Clinton is staying out of the Democratic primary for governor.

After all, Schwartz was a big backer of Hillary Clinton's campaign, while Katie McGinty, former state environmental secretary, served in the Clinton White House as director of environmental policy. The other Democrats in the race are state Treasurer Rob McCord and York businessman Tom Wolf, a former state revenue secretary.

Even so, Clinton has figured in the campaigns of Schwartz and McGinty. Schwartz's first TV ad features an Oval Office photo of the former president in a 30-second message about her role in the Pennsylvania Children's Health Insurance Program, which became the model for a national version.

McGinty was endorsed by former Vice President Al Gore, for whom she worked when he was a Tennessee senator.

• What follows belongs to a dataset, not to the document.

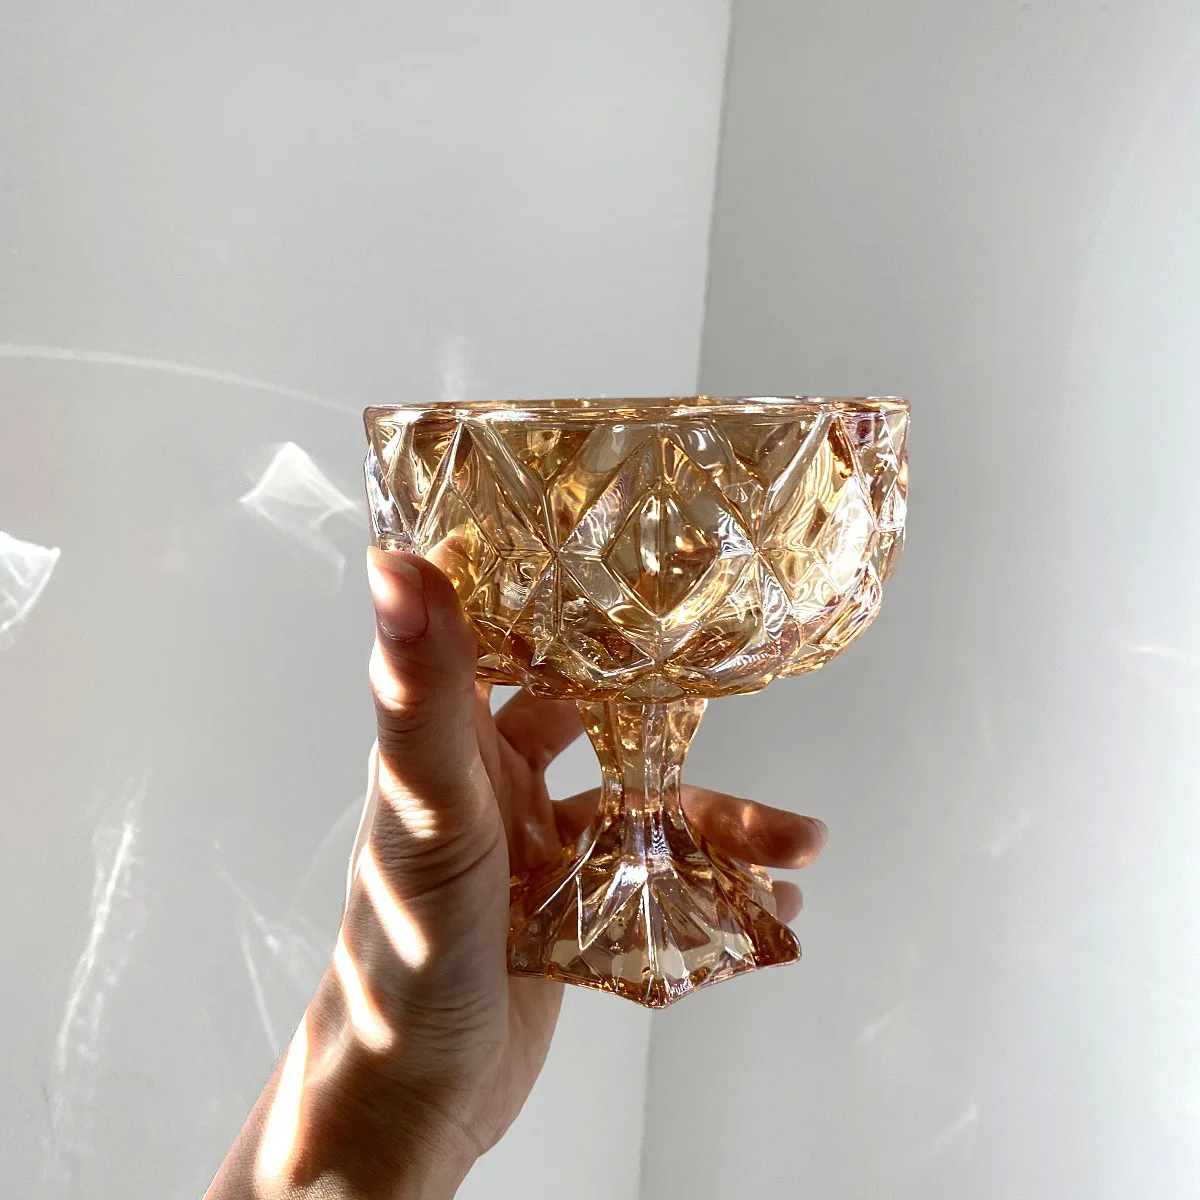 Ins Wind-vaso de cristal Retro con relieve de ámbar, copa de pie alto para ensalada, fruta, postre, Yogurt, helado, copa de vino

She has received campaign contributions from a constellation of Clintonworld stars, including Mack McLarty, former White House chief of staff; Robert Rubin, former treasury secretary; Mike McCurry, former White House press secretary; Donna Shalala, who was the secretary of Health and Human Services; and Carol Browner, who headed the Environmental Protection Agency.

Bill Richardson, Clinton's U.N. ambassador and later secretary of energy, who went on to become governor of New Mexico, headlined a fund-raiser for McGinty last month.

Said Philadelphia lawyer Alan Kessler, a top fund-raiser for both Clintons, "there's nobody more loyal to their friends than the Clintons, and they have a special relationship with Pennsylvania."